Naturalmente, oltre al presidente ci sono i singoli commissari (i «ministri» della Ue), che vengono designati da ciascun governo nazionale: una procedura che di fatto impedisce che la commissione di Bruxelles sia politicamente omogenea. L’europarlamento ha comunque un’ulteriore carta da giocare, perché deve concedere la «fiducia» anche alla commissione nel suo congiunto: nel caso in cui la sua composizione fosse palesemente in contrasto con l’indirizzo politico emerso dalle urne, i deputati di Strasburgo potrebbero negargliela.
Dentro questa complessa architettura istituzionale, lo spazio per un’autentica lotta politica è certamente molto ridotto, ma la Se appare intenzionata ad occuparlo. Dalla tribuna del congresso di Madrid il leader di Syriza ha sottolineato la doppia sfida che attende la Se: lottare contro le politiche di austerità, «minaccia per i popoli d’Europa», e contro l’estrema destra, «un pericolo per la democrazia». Proprio secondo l’esempio della Grecia, dove la formazione di Tsipras contrasta sia il governo di «grande coalizione» fra i conservatori del premier Antonis Samaras e i socialisti, sia i neonazisti di Alba dorata. Fra le idee-forza della Se, il neocandidato ha ricordato la trasformazione della Banca centrale di Francoforte in un prestatore di ultima istanza per gli stati Ue (come le normali banche centrali), la lotta contro l’elusione fiscale, un «new deal» per combattere la disoccupazione e una diversa gestione della crisi dei debiti sovrani. Nella piattaforma finale votata dai delegati compaiono anche il «no» al Trattato di libero scambio Ue-Usa e alla privatizzazione delle risorse naturali, e l’introduzione del diritto al referendum su scala europea.

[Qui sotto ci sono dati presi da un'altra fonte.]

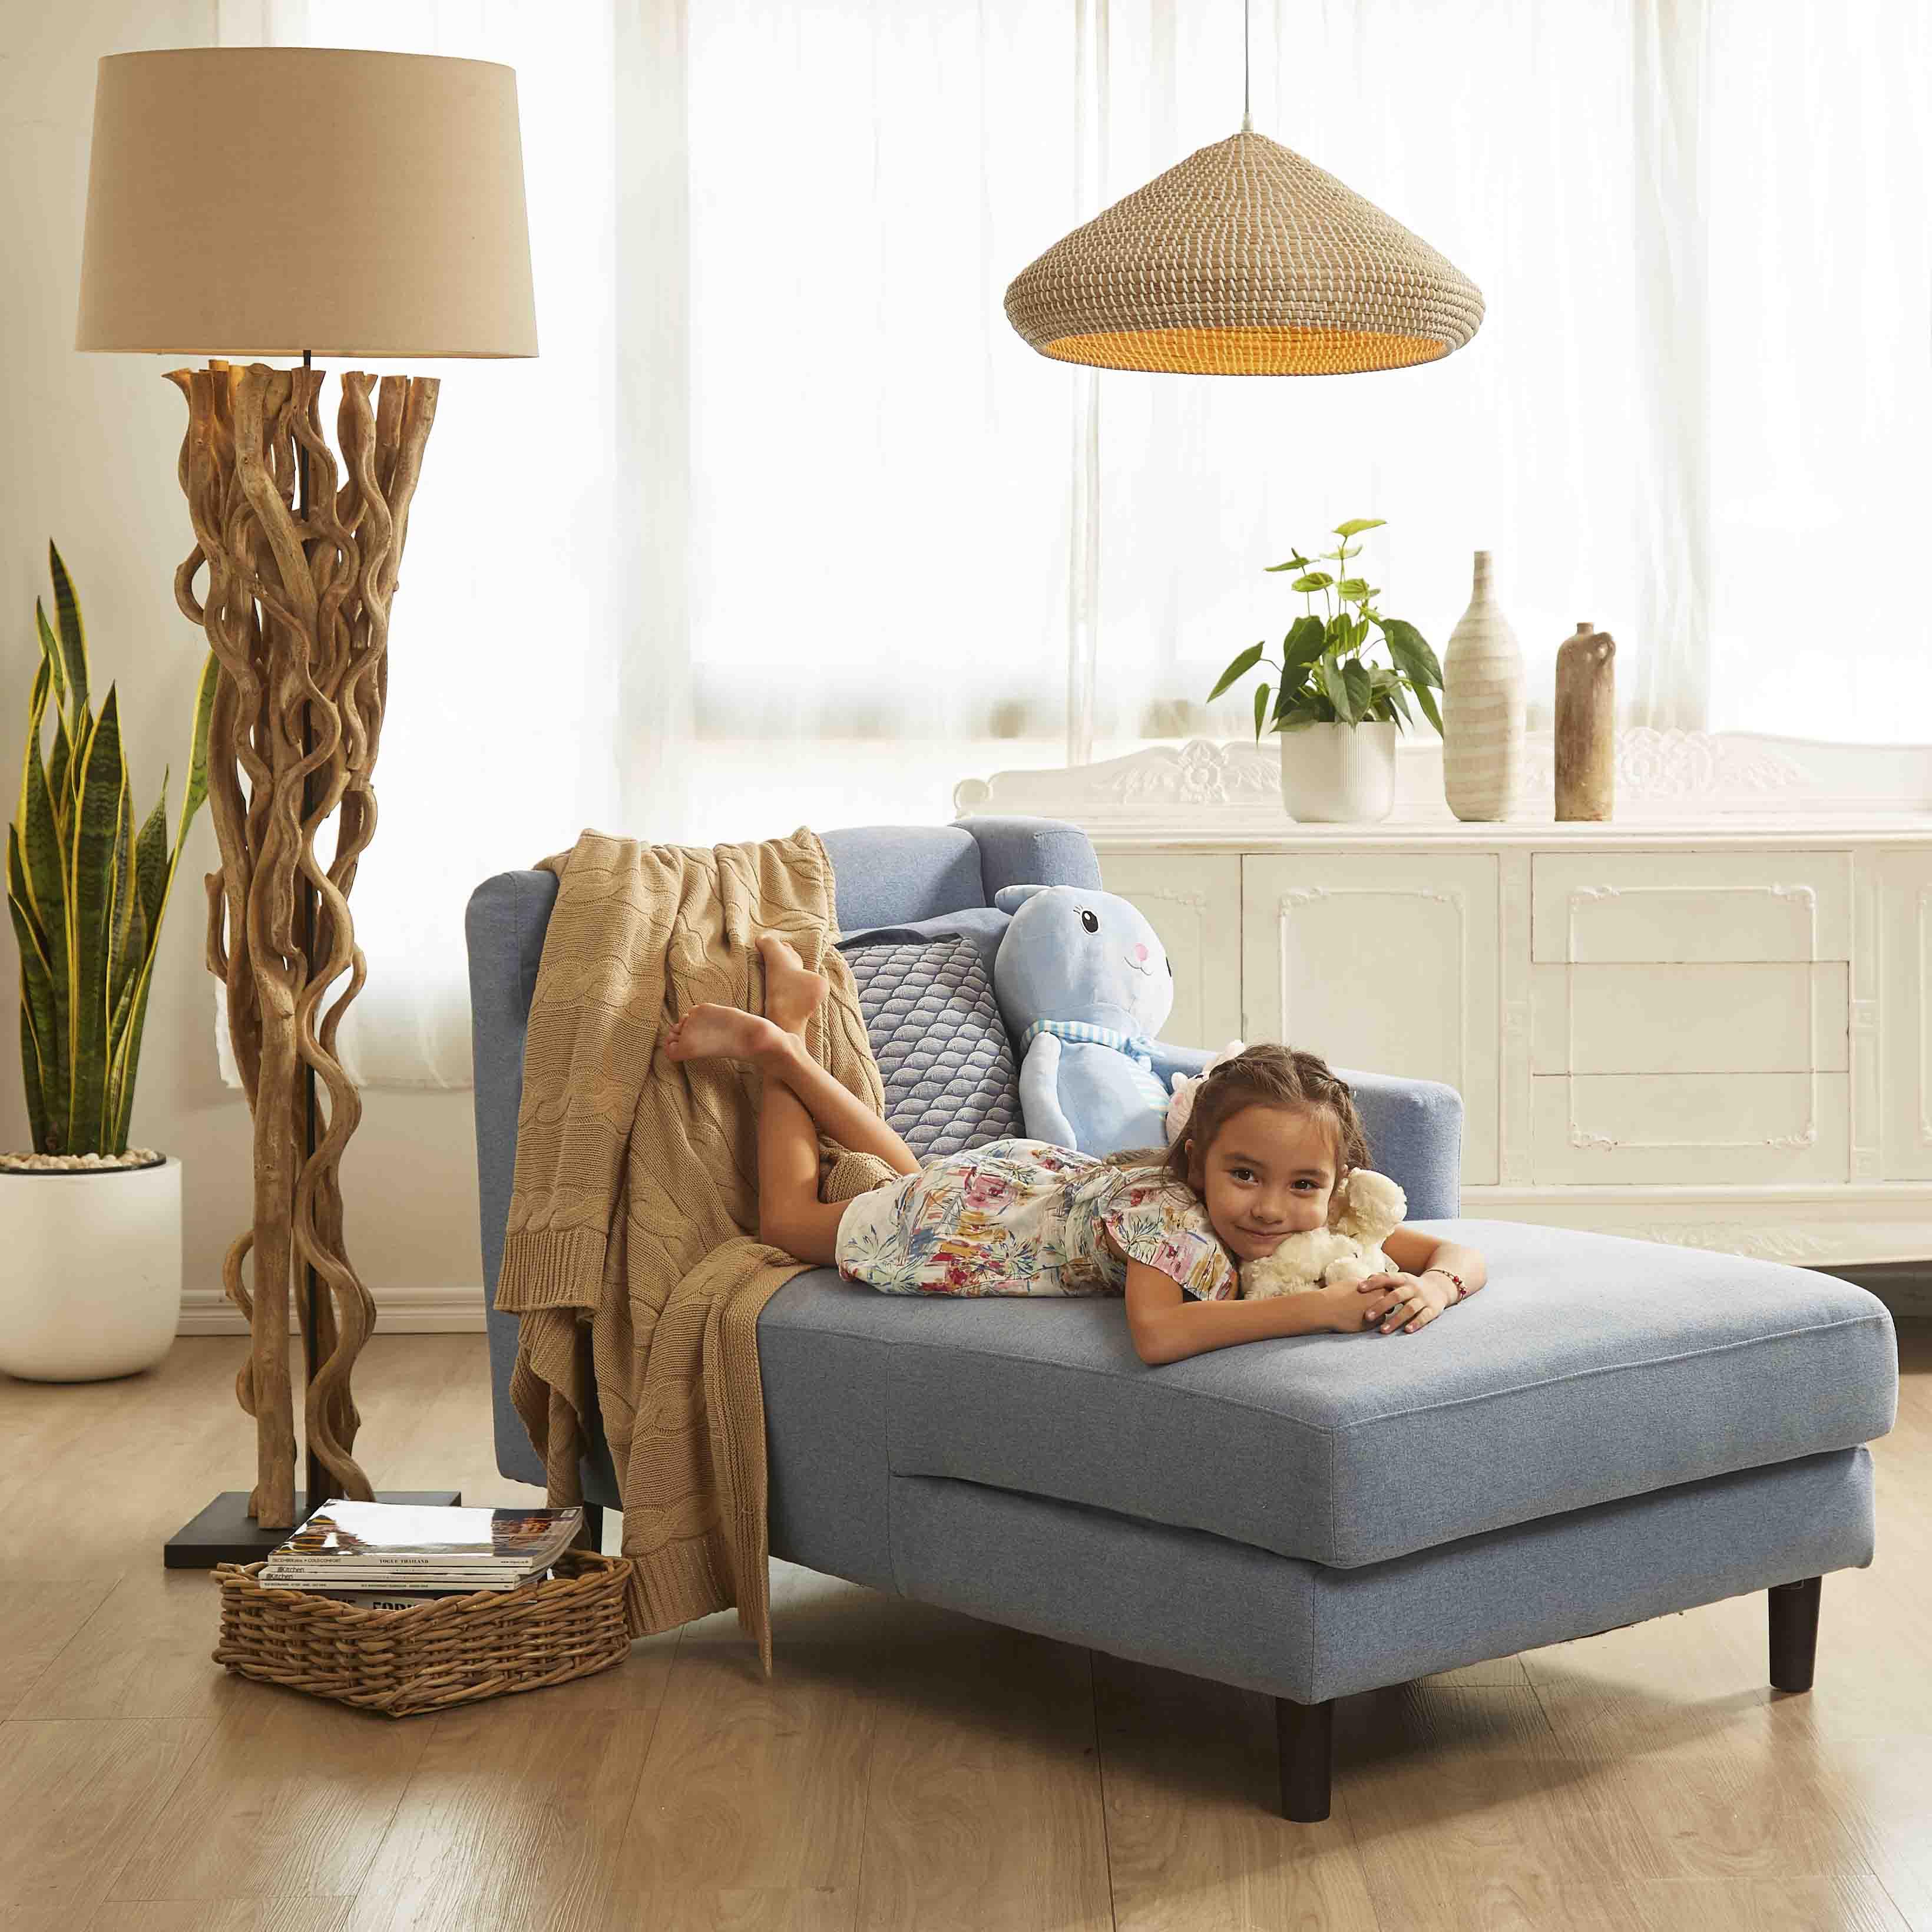 Scultura Caotico Floor Lamp product photo #1

Mentre la nomina di Tsipras non ha incontrato ostacoli, la rielezione alla presidenza della Se del francese Pierre Laurent (segretario del Pcf) ha scatenato malumori interni. Dovuti a questioni che di europeo hanno pochissimo, essendo tutte interne alla sinistra transalpina: il Partie de gauche dell’ex candidato presidenziale Jean-Luc Mélenchon ha annunciato la propria autosospensione dall’organizzazione continentale in polemica con la riconferma di Laurent. Motivo: il Pcf e il movimento di Mélenchon sono ai ferri corti per le municipali del prossimo marzo, causa l’alleanza dei comunisti con i socialisti del presidente Hollande. Un «effetto collaterale» delle assise di Madrid, che rischia di rendere arduo il cammino della Se in uno stato-chiave come la Francia. Come se già non bastasse, a complicare la missione di Tsipras, la debolezza strutturale della Se nei Paesi dell’Europa centro-orientale, dove, con la sola eccezione della Repubblica ceca, raccoglie percentuali da prefisso telefonico o è completamente assente. Senza dimenticare, ovviamente, l’Italia, dove la lista collegata alla Se dovrà fare i conti con lo sbarramento al 4%.